Consultant en marketing et communication digitale, Ongagna s’intéresse au décryptage des marques africaines et de leur évolution.

Ayant constaté la rareté des contenus professionnels sur le sujet, il décide d’apporter sa contribution en écrivant sur les problématiques marketing auxquelles sont confrontées ces marques. Il est convaincu que les livres participent à élaborer le discours sur le continent, et à le changer. Il est l’auteur du livre Nanawax, La marque que personne n’a vu venir.


Pourquoi donc ?

Pourquoi choisir d’écrire une étude de cas sur la marque Nanawax plutôt qu’une autre ? Pourquoi décider d’en faire un livre ? Ce sont là des questions judicieuses. Cette démarche serait incomplète si je ne prenais pas le temps d’y répondre. Pour vous comme pour moi.

Cela fait quatre ans que la question de la production d’un contenu adapté au contexte local me taraude. D’une façon ou d’une autre après un moment, l’indignation n’a plus suffi, il m’a fallu agir. Rendez-vous compte : lorsqu’un étudiant togolais en marketing souhaite s’instruire, il ne peut se référer à des ouvrages sur des marques locales, auxquelles correspond la réalité dans laquelle il vit.

Lorsque nous désirons nous offrir – ou offrir – un livre sur des entreprises ou des entrepreneurs africains francophones qui vivent et travaillent sur le continent – ou ailleurs -, là également nous sommes confrontés à leur absence. Cette indigence est indécente. Il est de notre responsabilité, à vous comme à moi, de faire chacun notre part pour remédier à cette situation dramatique. Vous me demanderez : qu’en est-il de tout le contenu produit à ce sujet, qui inonde la toile ?

Les ressources dont nous disposons sont des articles laudateurs, écrits négligemment pour la plupart, qui encensent les entrepreneurs et les entreprises concernées pour s’enivrer, le temps d’une lecture d’une minute trente, d’une fierté prématurée. Nulle analyse, nul décryptage. Aucune interrogation, pas même l’ombre d’une critique constructive. Je vous le demande : comment pouvons-nous nous instruire dans ces conditions ?

Quelle valeur ont ces articles qui ne nous enrichissent ni ne créent de valeur pertinente à moyen et long termes ? Une entreprise ou un parcours sont-ils des objets si simples qu’une série d’articles courts, les abordant sous le même angle suffisent à les définir tout à fait ? À nous permettre de les appréhender dans leurs complexités et leurs nuances ? Si tel n’est pas le cas, il est sans doute temps d’apporter une réponse différente à ce problème.

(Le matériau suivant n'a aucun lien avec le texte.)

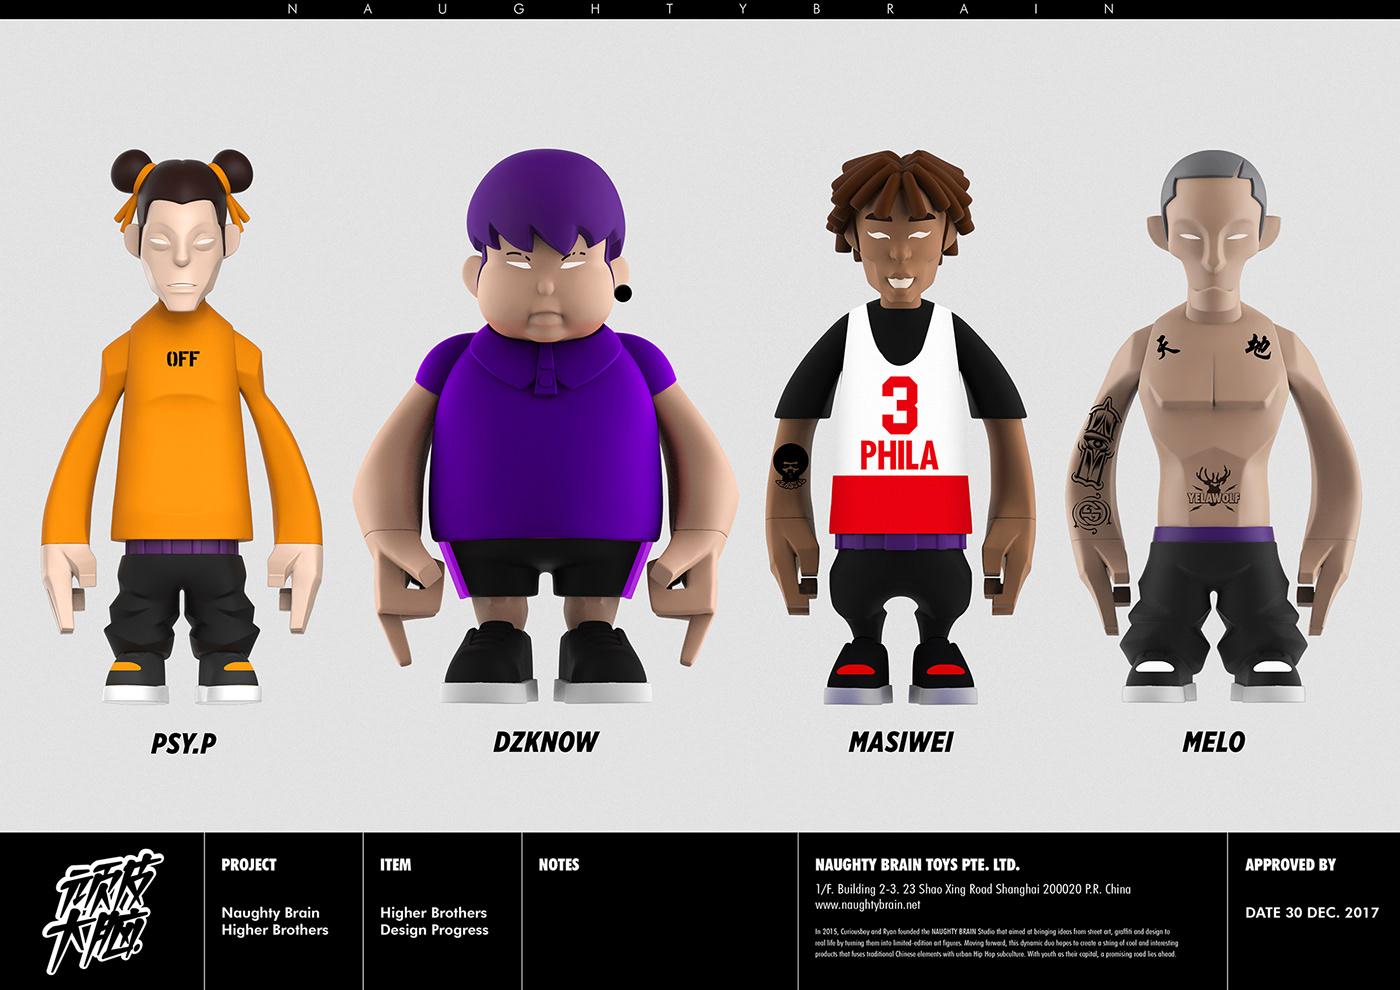 naughtybrain,CURIOUSBOY,higherbrothers,arttoy,hiphop,artfigure,designertoys,subculture,toydesign,toymaker

Nous avons coutume de dire que tant que les lions n’auront pas leurs propres historiens, les histoires de chasse ne pourront que chanter la gloire du chasseur. Je vous réponds qu’avoir des historiens est certes une nécessité, mais que cela dépend du travail de l’historien.

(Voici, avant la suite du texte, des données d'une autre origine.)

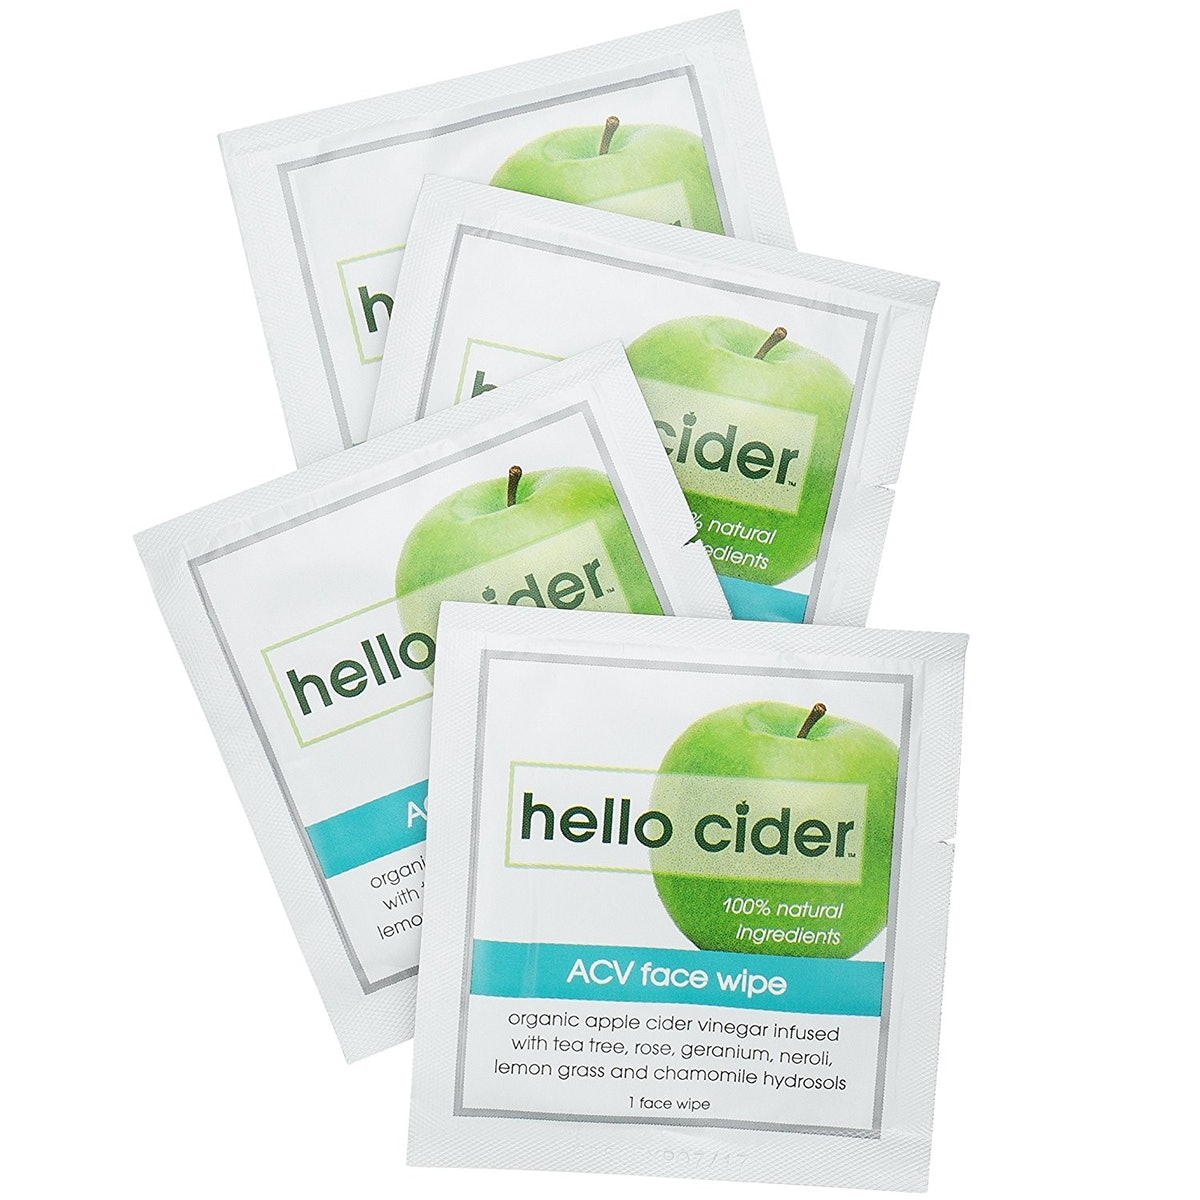 Hello Cider Organic Apple Cider Vinegar Face Wipes

Nous nous devons d’écrire nos histoires, de les conter avec lucidité. De les transmettre comme un patrimoine, car c’est ce qu’elles sont. Cela, afin que nous puissions par la contradiction et la discussion nourrir nos connaissances, et produire du savoir. Un savoir qui sera utilisé pour générer de la richesse, construire notre identité, nous donner des sujets de fierté légitimes. Un livre constitue un format idéal pour servir ce dessein.

Pourquoi Nanawax plutôt qu’une autre marque ?

Cela fait un moment que l’entrepreneuriat est érigé comme voie de sortie par excellence de la précarité économique, et pas seulement sur le continent. Son attrait s’explique par l’ascension sociale qu’on lui associe, souvent à tort. Ses exemples les plus emblématiques, popularisés par des ouvrages et des films à grand budget, ont fait des  entrepreneurs les nouvelles icônes de la culture populaire.

La réalité de la majeure partie d’entre eux est néanmoins très différente des parcours d’un Mark Zuckerberg, d’un Bill Gates, ou d’un Jan Koum. Quand la narration n’est pas en décalage complet avec les possibilités d’un jeune ivoirien de Yopougon Toits Rouges qui se prendrait à rêver de devenir le prochain Aliko Dangote.

Sauf qu’il ne rêve pas de devenir le prochain Aliko Dangote, qu’il ne connaît peut-être pas d’ailleurs, et qui ne le fait pas vraiment fantasmer. Lorsque l’on vit dans un environnement qui ne nous donne pas de raisons d’espérer, on cherche une porte de sortie. Celle-ci prend la forme d’un rêve, d’une possibilité d’évasion. Et cette évasion nous conduit le plus souvent ailleurs. Partir n’est plus seulement une fantaisie,  une vue de l’esprit. Cela devient une envie qui prend corps, se solidifie avec le temps, se change en un projet viable susceptible de sauver une famille, un village. Qui se met à rêver au travers de nous.

La balade imaginaire se transforme en nécessité. C’est pour ça que de jeunes gens qui semblaient avoir toute la vie devant eux trouvent la mort dans les eaux de la Méditerranée.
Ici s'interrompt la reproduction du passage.